Hematopoietic Stem-Cell Transplantation
Hematopoietic stem-cell transplantation (HSCT) refers to a procedure in which hematopoietic stem cells are infused to restore bone marrow function in patients who receive bone-marrow-toxic doses of cytotoxic drugs with or without whole body radiotherapy. Allogeneic HSCT refers to the use of hematopoietic progenitor cells obtained from a donor. They can be harvested from bone marrow, peripheral blood, or umbilical cord blood and placenta shortly after delivery of neonates. Cord blood is discussed in a separate policy, Placental and Umbilical Cord Blood as a Source of Stem Cells.

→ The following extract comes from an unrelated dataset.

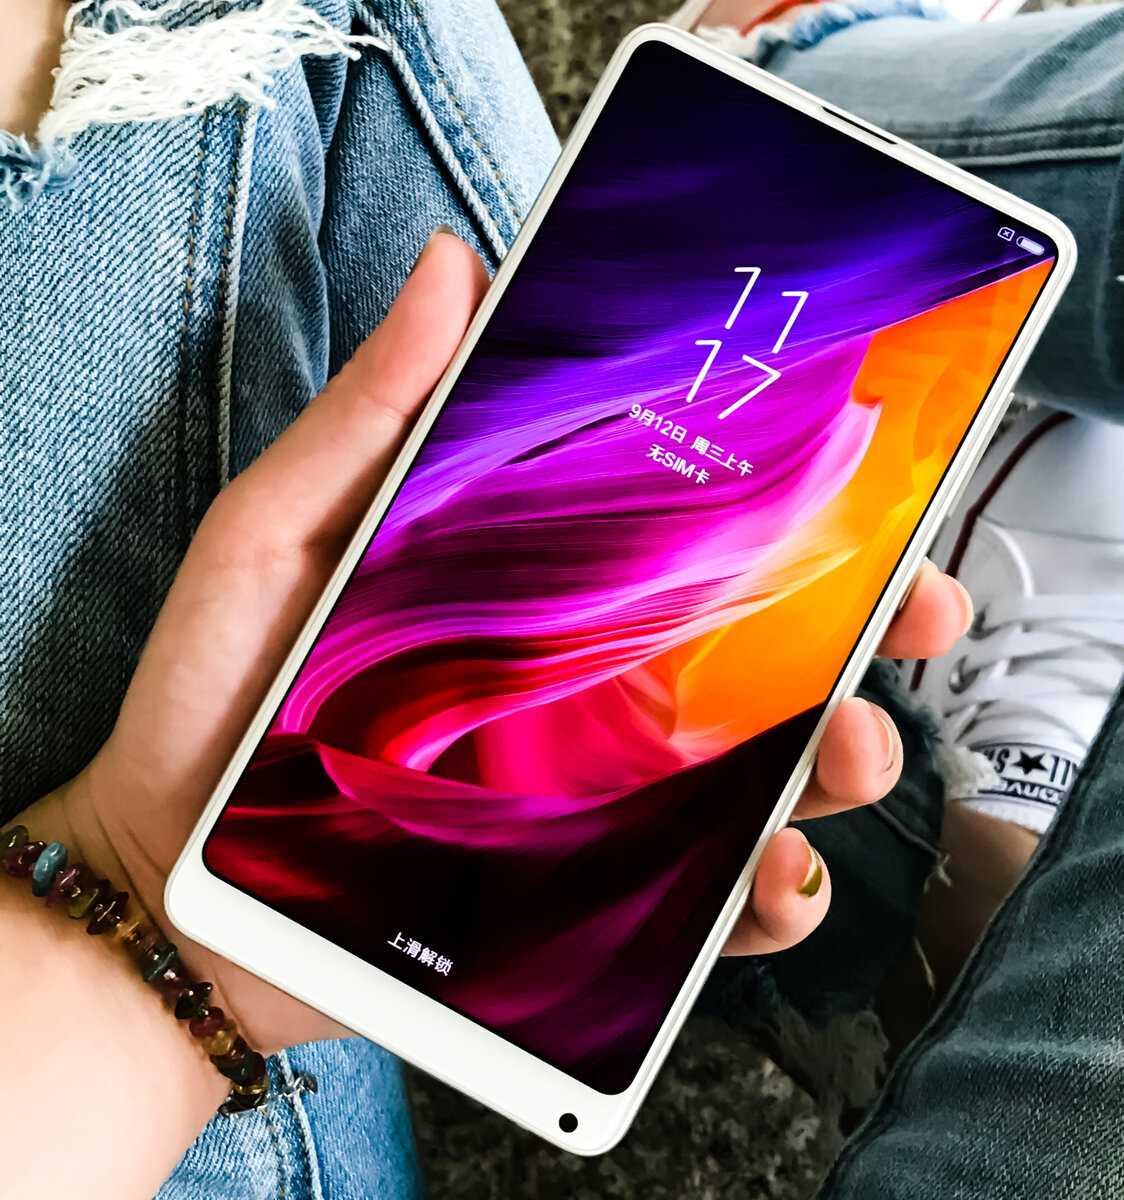 Xiaomi выпускает дешевый смартфон с производительностью как у флагмана samsung - cnews

Immunologic compatibility between infused hematopoietic stem cells and the recipient is a critical factor for achieving a good outcome with allogeneic HSCT. Compatibility is established by typing of human leukocyte antigen (HLA) using cellular, serologic, or molecular techniques. HLA refers to the tissue type expressed at the HLA-A, -B, and -DR (antigen-D related) loci on each arm of chromosome 6. Depending on the disease being treated, an acceptable donor will match the patient at all or most of the HLA loci (with the exception of umbilical cord blood).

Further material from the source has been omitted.